Am Donnerstag, den 25.02.2010, 10:50 -0500 schrieb Bill Nottingham:
Christoph Wickert (christoph.wickert@googlemail.com) said:
[snipped]
Given the present situation:
- Has any Spin found the present situation unduly restrictive?
- If so, how specifically?
A spin is defined as installable Live-CD. This means it must ship anaconda and firstboot. firstboot requires system-config-keyboard requires metacity requires GConf2 and tons of other GNOME stuff. There are other dependency chains as well (e.g. notification-daemon), but this is the worst one.
I'm not sure what your objection is here. Are you objecting to the fact that it must be a LiveCD, the fact that the LiveCD installer uses anaconda/firstboot, or the dependencies of anaconda/firstboot?
Sorry if i was unclear: I am objecting to the dependencies of system-config-keyboard.
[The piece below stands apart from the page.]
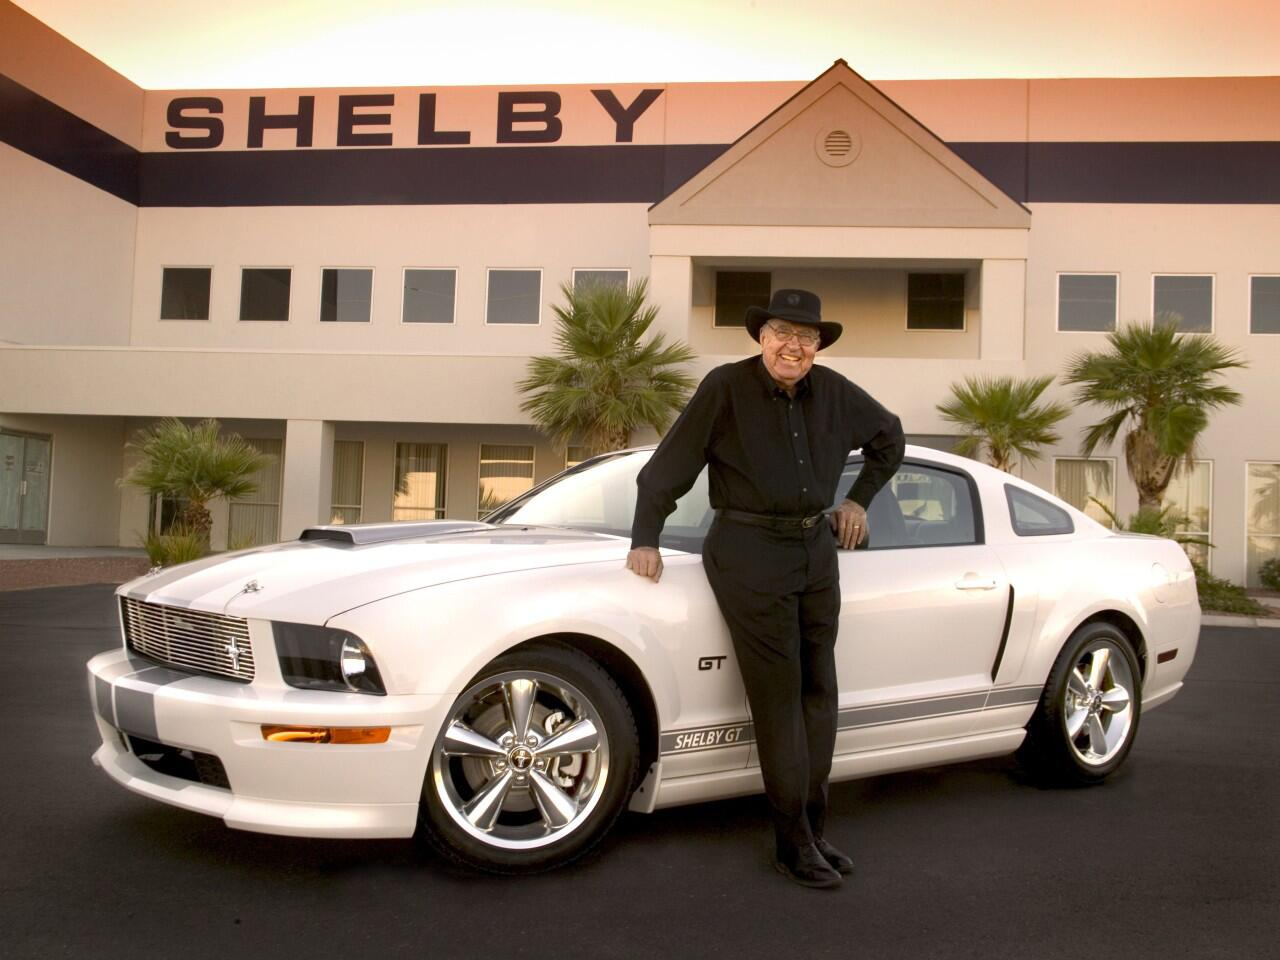 Bild zu Carroll Shelby mit Ford Mustang Shelby GT

AFAICS it is not run embedded in firstboot and there is no need for a window-manager at that point. authconfig-gtk on the other hand requires one because it starts popup windows, but these work fine with whatever window manager is available. You can see this in the spins already.
The first is a policy issue that could be redressed. The second is unlikely to change (and would imply you'd be signing up to write your own if you didn't want to use anaconda/firstboot, which I can't imagine is what you want), and the third probably requires patch submissions.
(Note: due to the requirements for a window manager at installation time, anaconda may very well require metacity in the near future.)
Why not a virtual provide and let the spin maintainers and users decide? In F12 we changed anaconda to use any display manager that has a virtual provides for "service(graphical-login)" instead of hardcoding a list of display managers. We should do the same for window manager. Introducing a new hardcoded requirement for metacity with all it's overhead is a step backwards and a punch in the face of all people who are not using GNOME.
For example, there is a package called gconf2-branding-openSUSE which contains all the modified GConf schemas. By replacing this package, you can change the complete settings of the GNOME desktop. This would be useful for us too, think of a GNOME based Fedora Mini Spin for Netbooks, that wants to use another other panel layout. We cannot do this in Fedora ATM, but it is possible.
What prevents you doing in in Fedora? Have you submitted a package review, or an example spec?
I cannot submit a package review because the files included in the package conflict with the current packages. Before we can change something we need a packaging policy and in the past the GNOME maintainers have been unwilling to support these kind of changes.